Assignment #1: Creating a Secure On-Line Service
The purpose of this assignment is to get you thinking about how to compose different security concepts to create an on-line service with authentication and encryption.
Assignment Details
During the warm-up assignment, we reviewed many powerful concepts. We saw how to load a file from disk as a byte stream, and how to send byte streams to disk as new files. We saw how to use RSA and AES encryption. We saw how to send bytes over the network and how to receive them. In this assignment, we are going to start putting those ideas together to build an on-line service.
As with any service, we will have two separate programs: a client and a server. For now, the server will only handle authentication. The server will manage a “directory” of users. Each user can store up to 1MB of data as their “profile”.
Our focus is on security, and we have two goals. The first is to ensure that users cannot make unauthorized accesses. To that end, we will have a registration mechanism by which users can get an account on the system. A user will have permission to read any other user’s profile, and to get a list of all user names. A user will also have permission to change her/his own profile.
The second security goal is to make sure that communications between the client and server are secure. Any intermediary who intercepts a transmission should not be able to decipher it to figure out what is being communicated.
The final requirement of the service is that it has a rudimentary form of persistence, wherein the entire directory gets saved to disk in response to specific client requests. This is not a great long-term strategy, but it will be sufficient for now.
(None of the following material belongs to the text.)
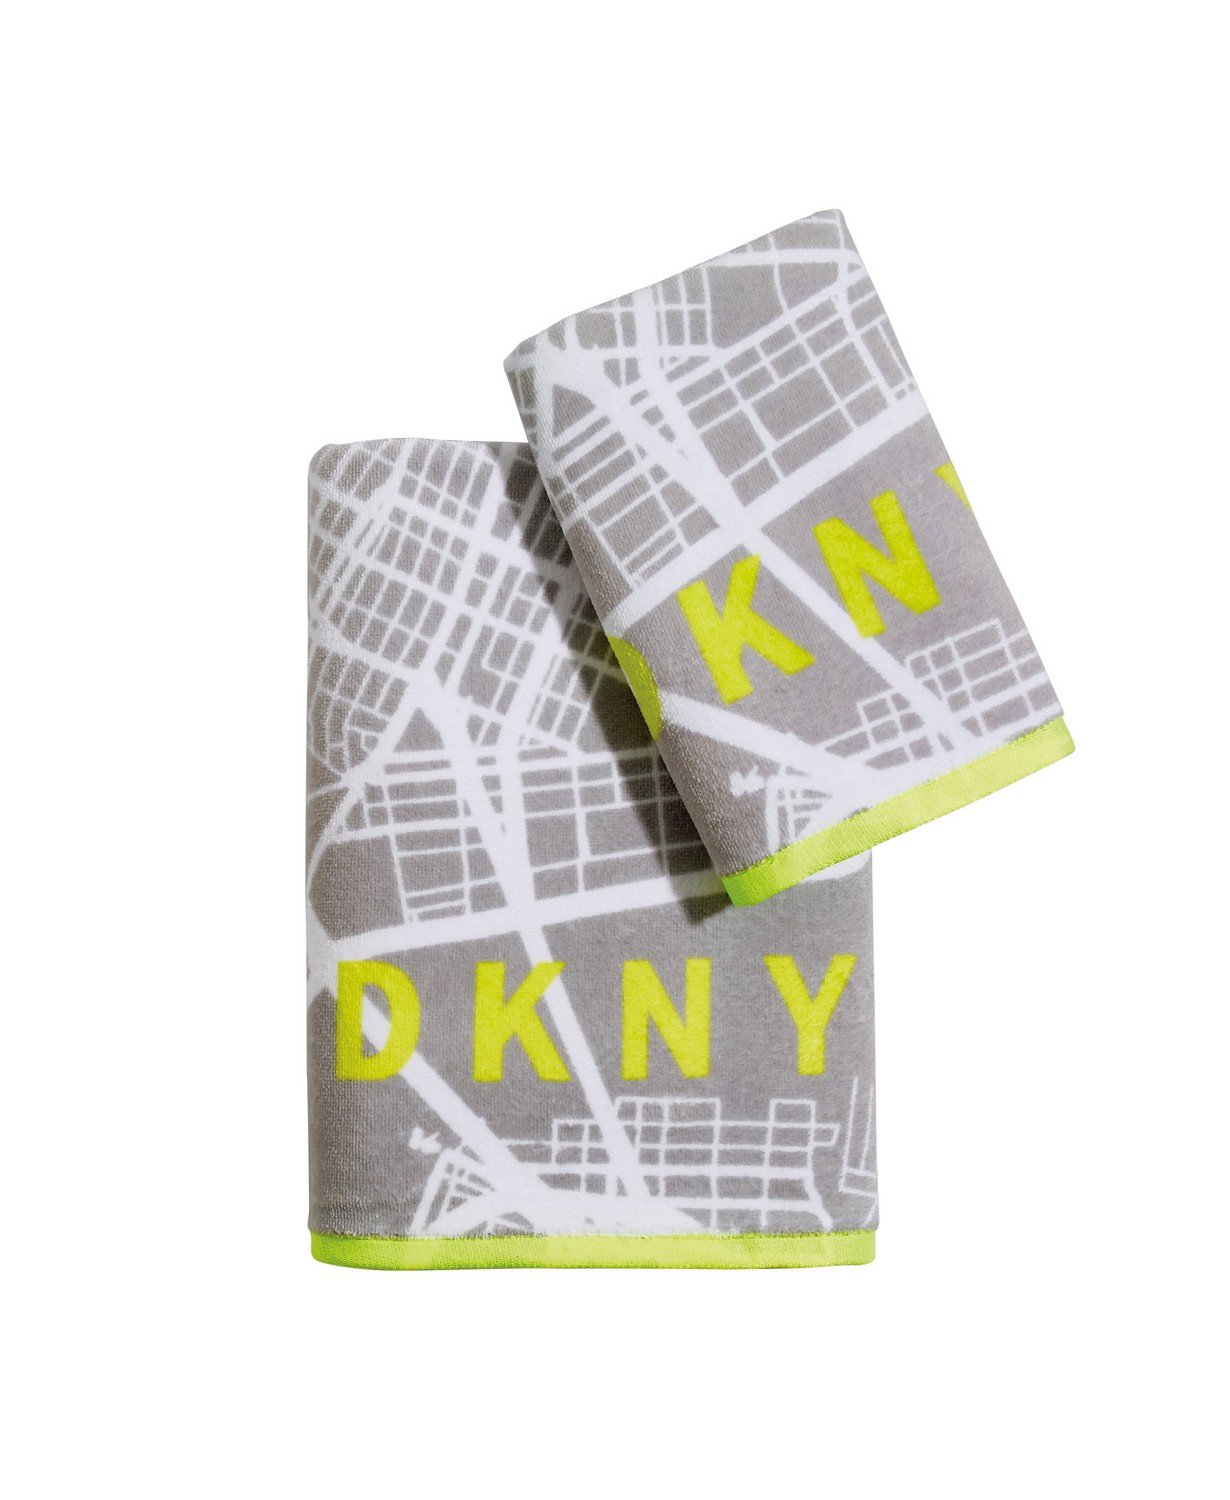 DKNY City Map Bath Towel - 155 AED

Note that the server will not be concurrent yet. It need only handle one client at a time.
Getting Started
Your git repository contains a significant portion of the code for the final solution to this assignment. The p1/common/ folder has variants of many of the useful functions that we created for assignment 0. The p1/client/ folder has code that is specific to the client, and the p1/server/ folder has code that is specific to the server. You should be able to type make from the p1/ folder to build all of the code, and you should be able to run the basic tests for the assignment by typing the following from the p1 folder:
python3 ../scripts/p1.py
Of course, none of the tests will pass yet. You will probably see some errors, and then the script will crash.
The best way to understand the low-level details of how the client and server are supposed to work is by reading the common/protocol.h file. This file documents the protocol for client/server interaction. Note that the encryption procedure we use is very carefully designed, and very easy to get wrong. There are two tricky parts:
• The first is that the client needs to put information into the right “blocks” of its message. As you write your code, it will become apparent why we have defined the “rblock” as we have. As a hint, you might want to consider how you would allocate a buffer for the “ablock” if you didn’t know its size.
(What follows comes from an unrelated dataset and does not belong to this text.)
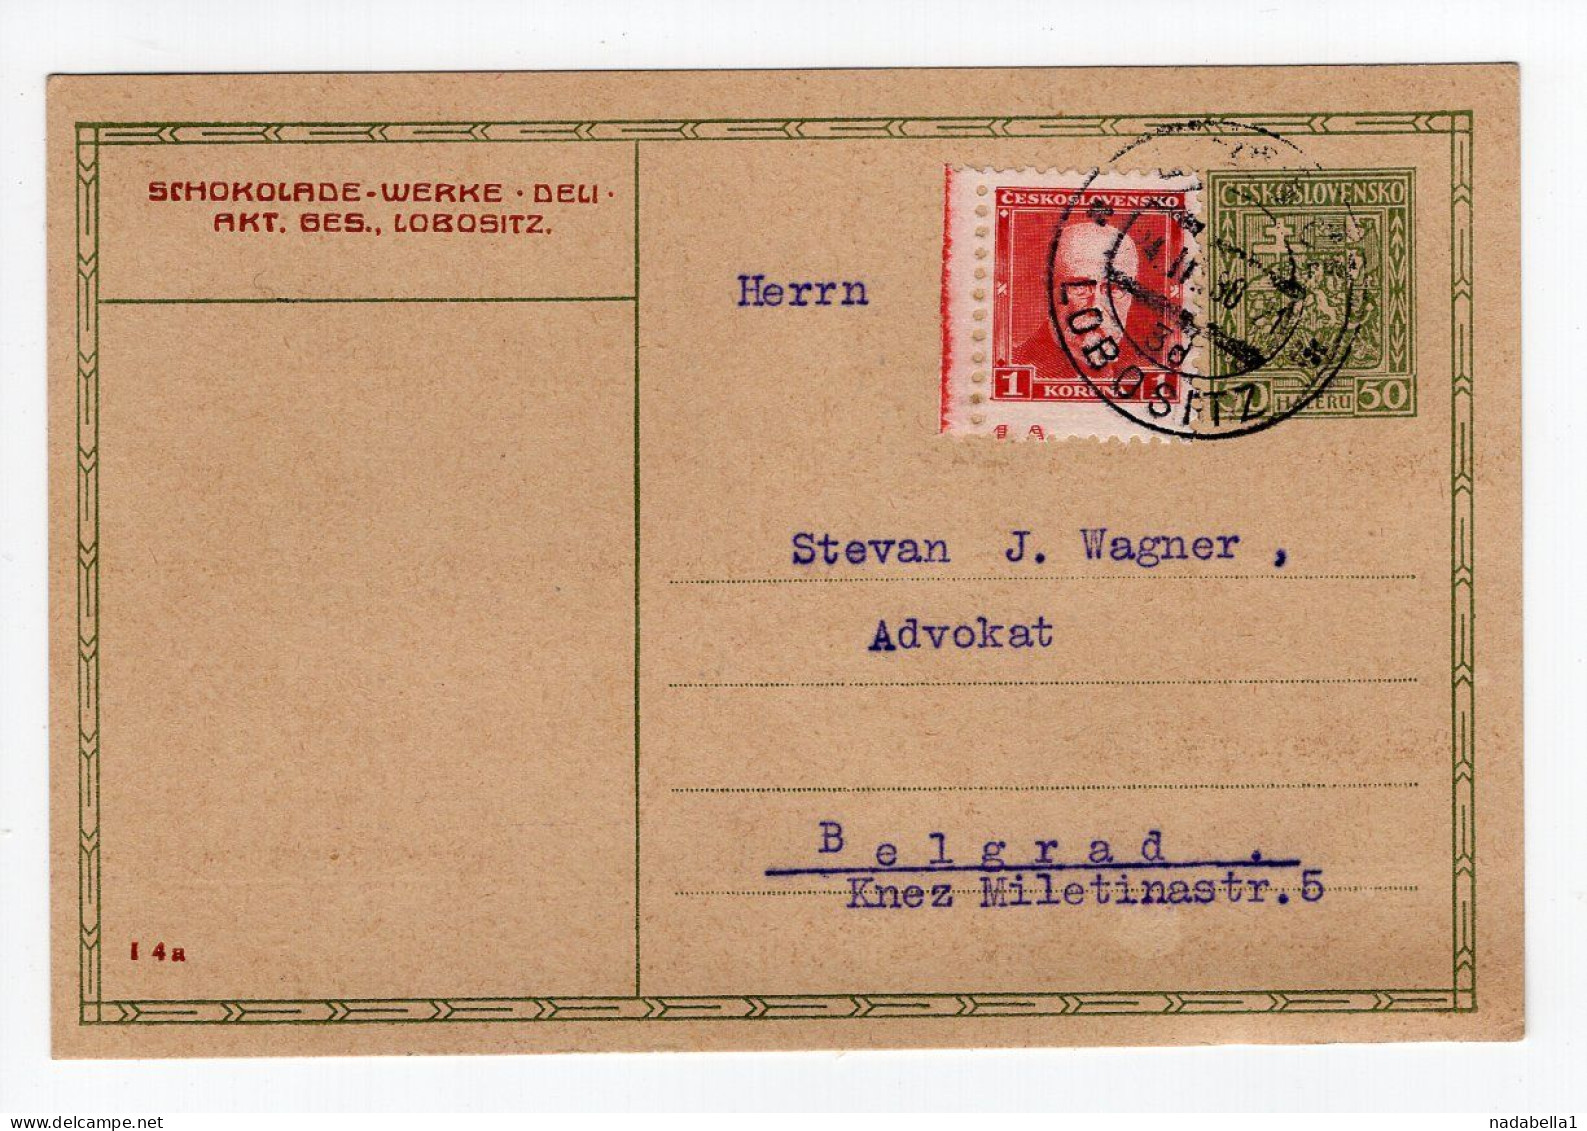 1930. CZECHOSLOVAKIA,LOBOSITZ,DELI CHOCOLATE FACTORY,STATIONERY CARD,USED TO BELGRADE,YUGOSLAVIA - Postcards

• The second is that AES encryption is very fickle. When you AES-encrypt data, you must make sure to properly handle the last block. You should not be using a file as a temporary storage place for the data you encrypt/decrypt. Consequently, you will need to redesign the AES encryption code from assignment 0.
Tips and Reminders
The code that we provide makes use of a number of C++ features. You should be sure you understand the way we use std::vector. In particular, you should know the difference between std::vector
While std::vector uses the heap, if you are using std::vector well, you shouldn’t have directly interact with the heap at all. The reference solution does not call new or delete, except in places that the starter code already calls new or delete. A side effect of this fact is that there should be no reason to worry about memory leaks.
As you read through the details of this assignment, keep in mind that subsequent assignments will build upon this… so as you craft a solution, be sure to think about how to make it maintainable. C++ has many features that make it easy to extend your code. The auto keyword is one. In-line initialization of arrays is another.
Start Early. Just reading the code and understanding what is happening takes time. If you start reading the assignment early, you’ll give yourself time to think about what is supposed to be happening, and that will help you to figure out what you will need to do.
When it comes time to implement functions in the client and server, you will probably want to proceed in the following order: KEY, REG, SAV, BYE, ALL, SET, GET.
As always, please be careful about not committing unnecessary files into your repository.
Your programs should never require keyboard input. In particular, the client should get all its parameters from the command line.
Your server should not store plain-text passwords in the file.
Grading
If the script passes when using your client with our server, and when using our client with your server, then you will receive full “functionality” points. We reserve the right to deduct “style” points if your code is especially convoluted. Please be sure to use your tools well. For example, Visual Studio Code (and emacs, and vim) have features that auto-format your code. You should use these features.
If the script does not pass, then the professor and TAs will try to determine how much partial credit can be assigned. There are three main gradeable portions of the assignment. They are listed below, along with the files related to each:
• Is the AES cryptography implemented correctly?
• Files: crypto.cc
• Do the client and server correctly parse the messages they send to each other?
• Files: client_commands.cc, server_parsing.cc, and server_commands.cc
• Is the directory implemented correctly?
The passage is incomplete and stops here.